_TO DO_: All entries are to be printed again exactly, with their images omitted.

*** Begin section ***

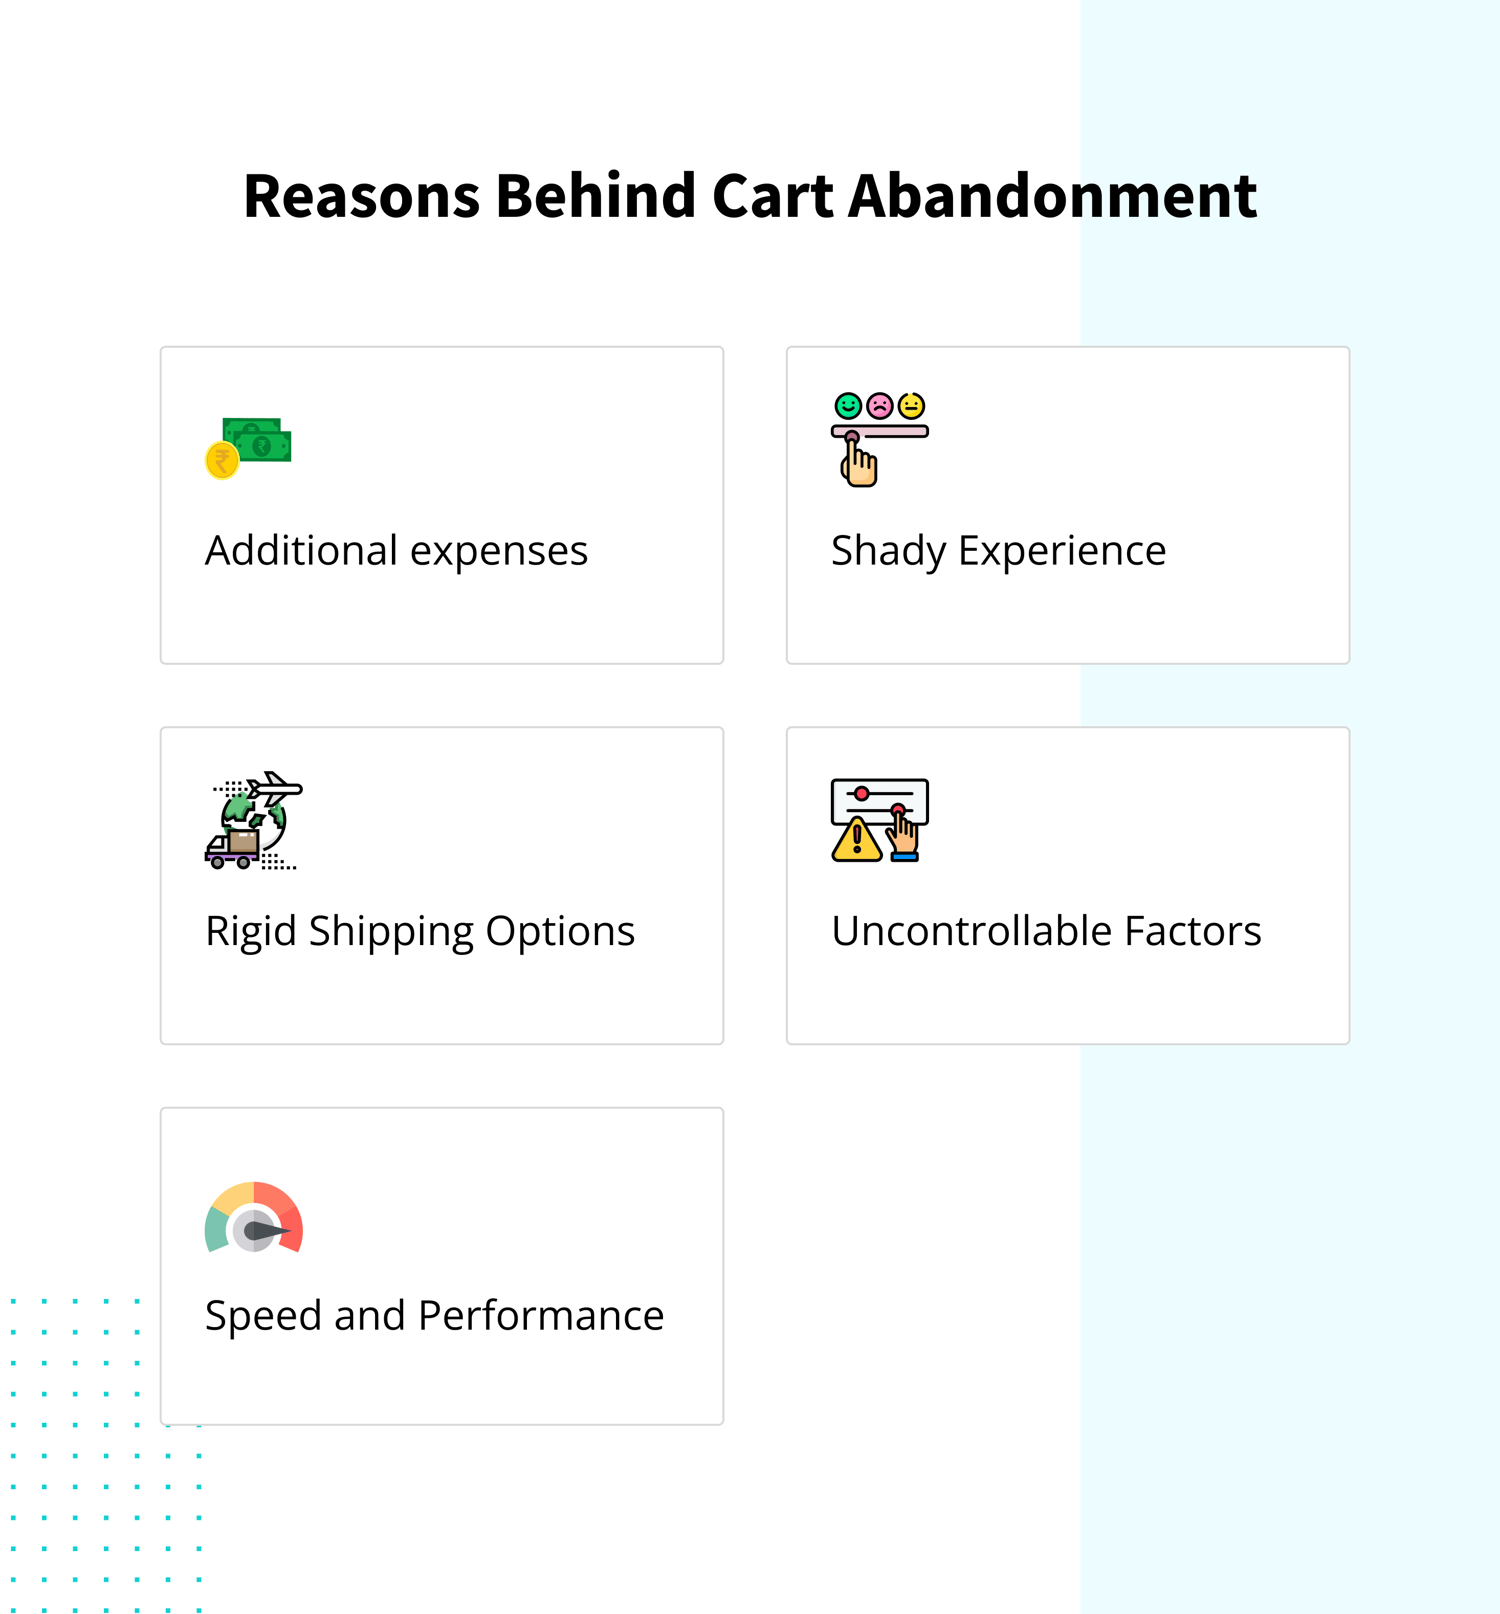  Reasons behind Cart Abandonment
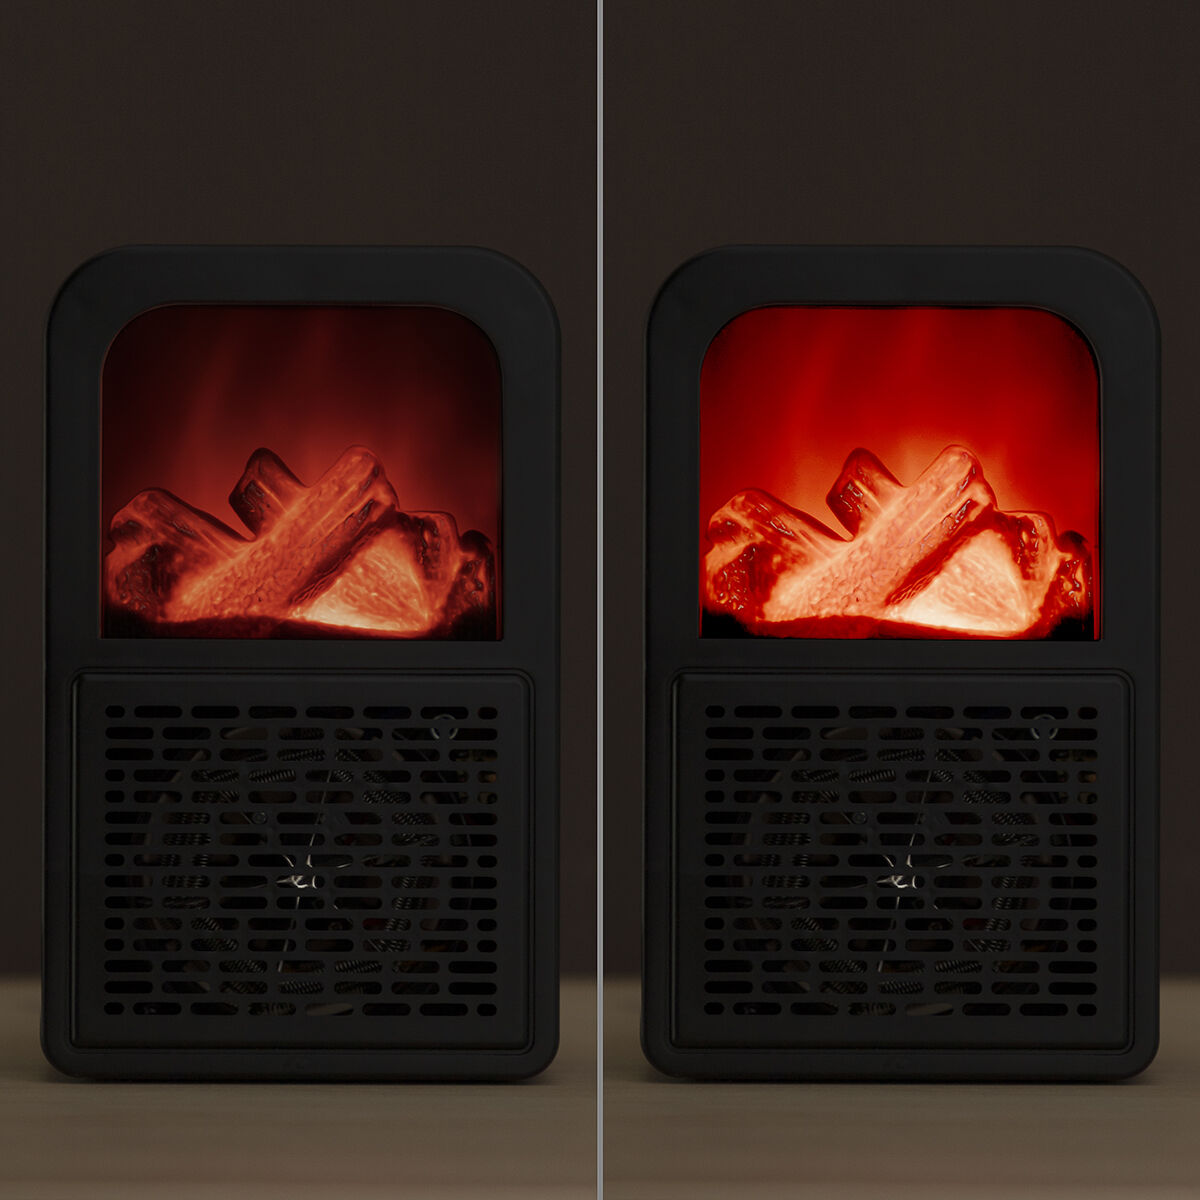 Calefactor de Sobremesa Efecto Llama 3D Flehatt InnovaGoods
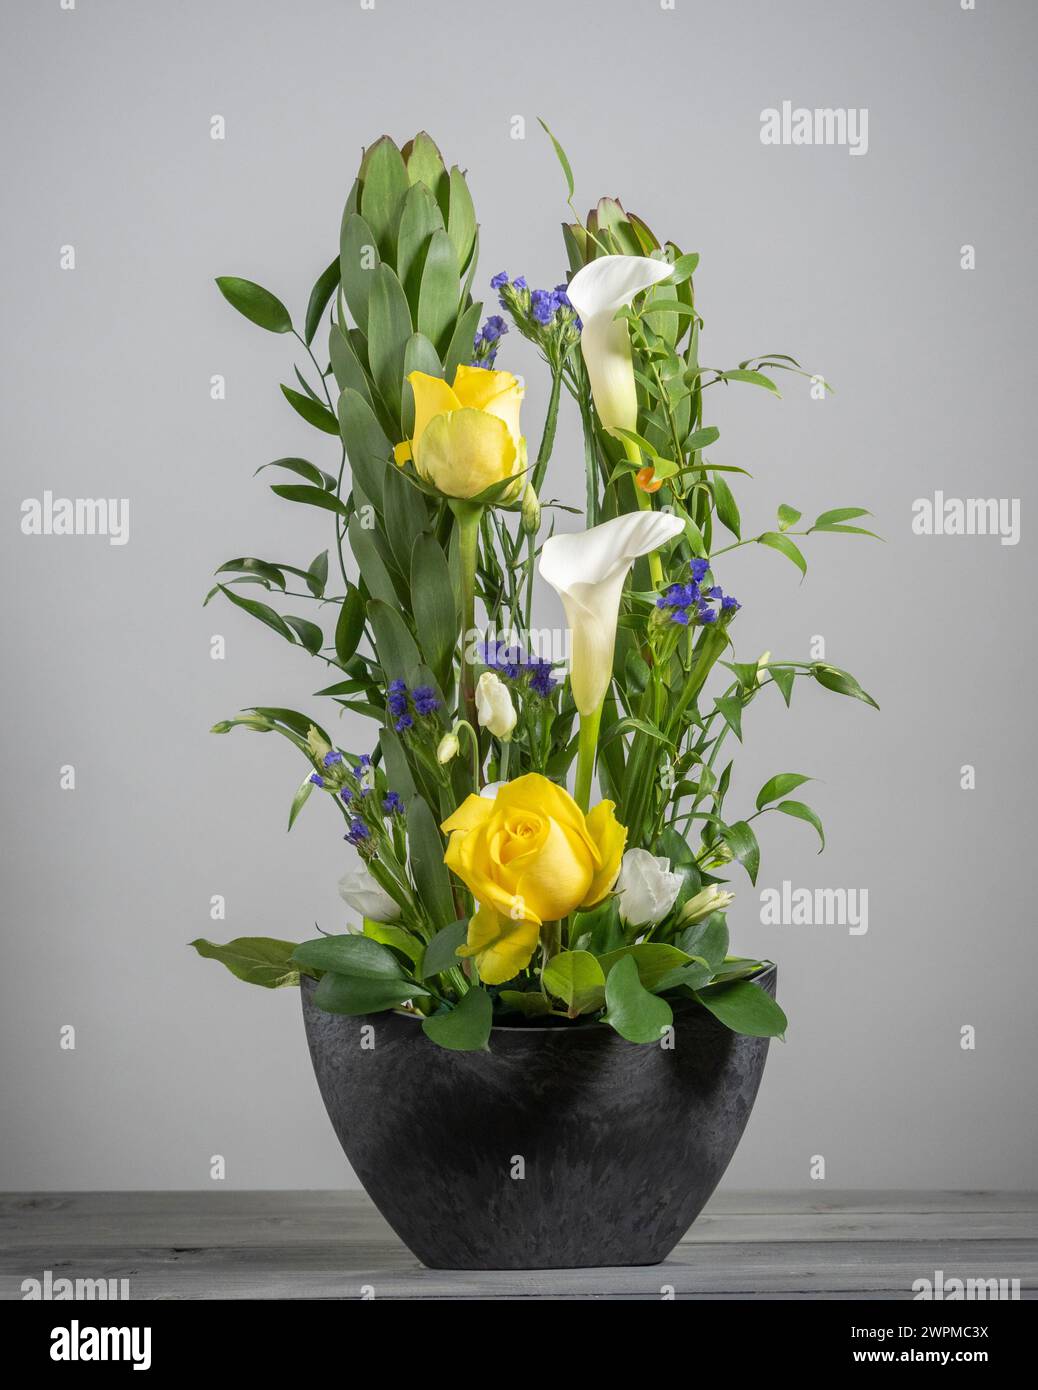 Composizione floreale di rose gialle, gigli di calla bianchi, statice viola e proteas verdi su sfondo grigio. Foto Stock
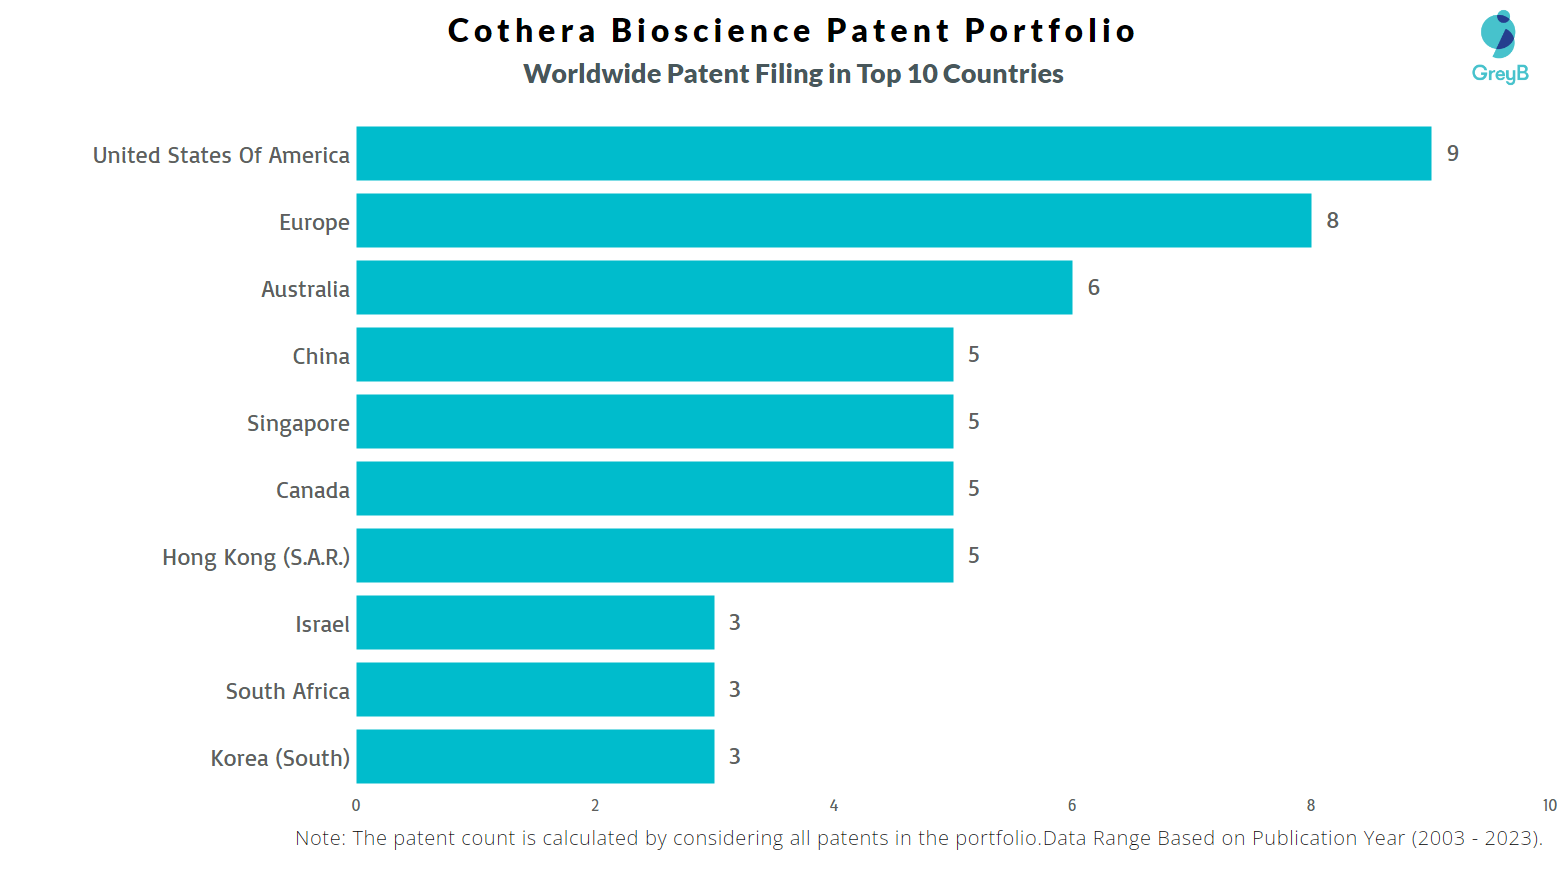 Cothera Bioscience Worldwide Patent Filing
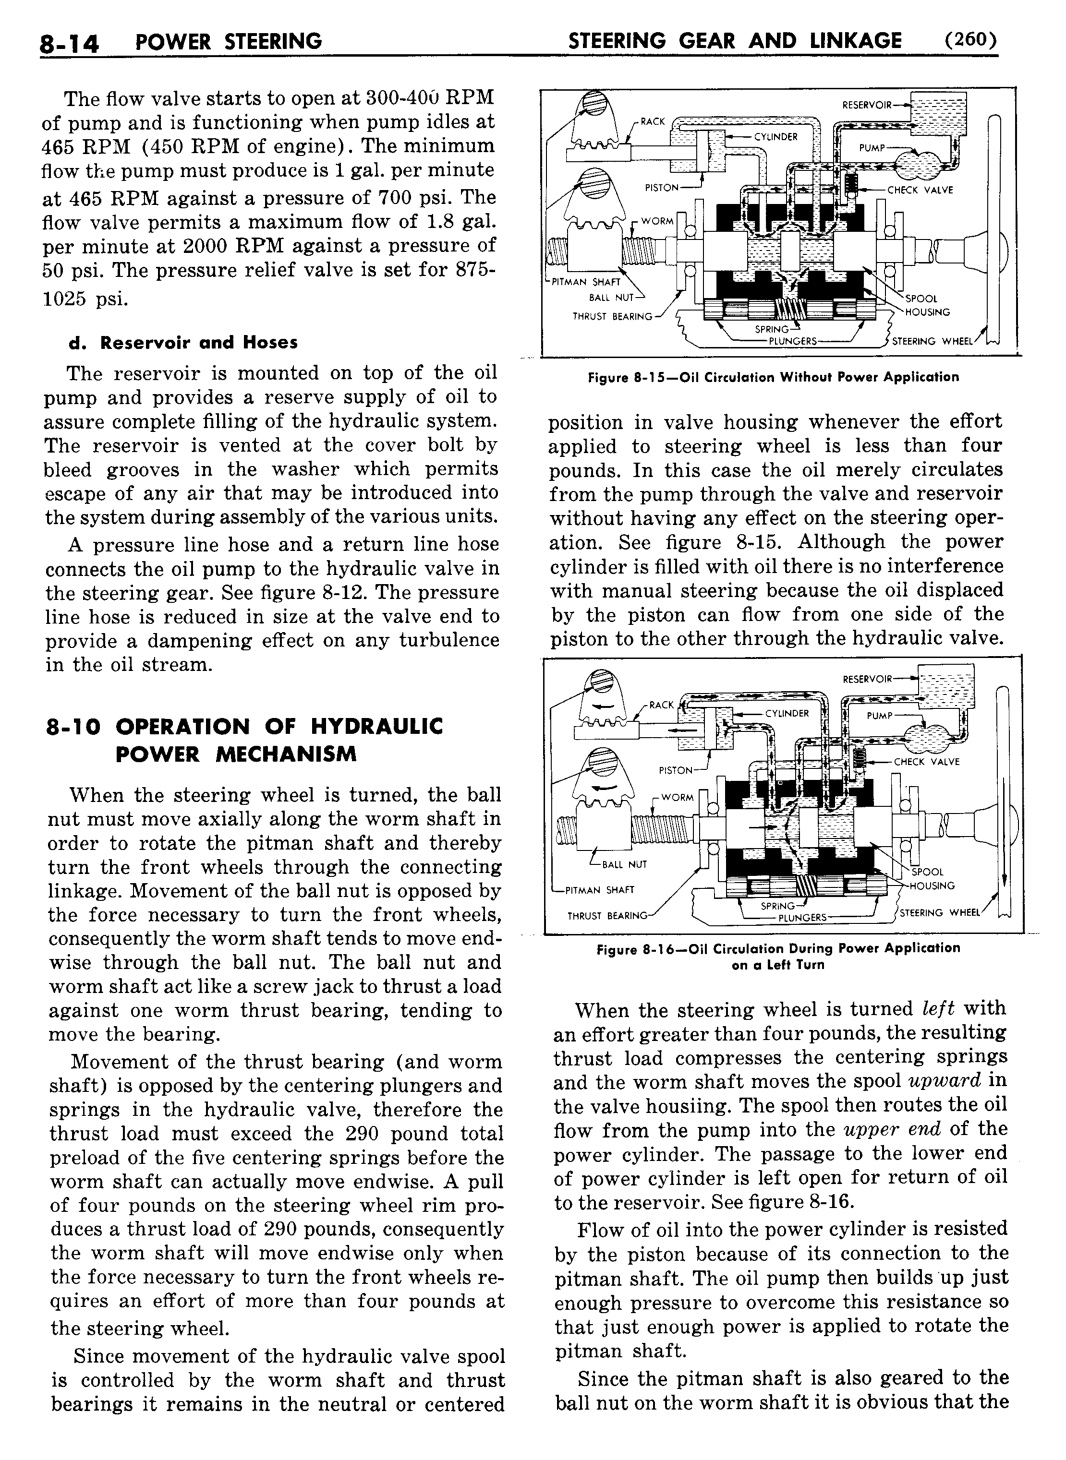 n_09 1955 Buick Shop Manual - Steering-014-014.jpg

*** End section ***

_YOUR RESPONSE_:
  Reasons behind Cart Abandonment
 Calefactor de Sobremesa Efecto Llama 3D Flehatt InnovaGoods
 Composizione floreale di rose gialle, gigli di calla bianchi, statice viola e proteas verdi su sfondo grigio. Foto Stock
 Cothera Bioscience Worldwide Patent Filing
 n_09 1955 Buick Shop Manual - Steering-014-014.jpg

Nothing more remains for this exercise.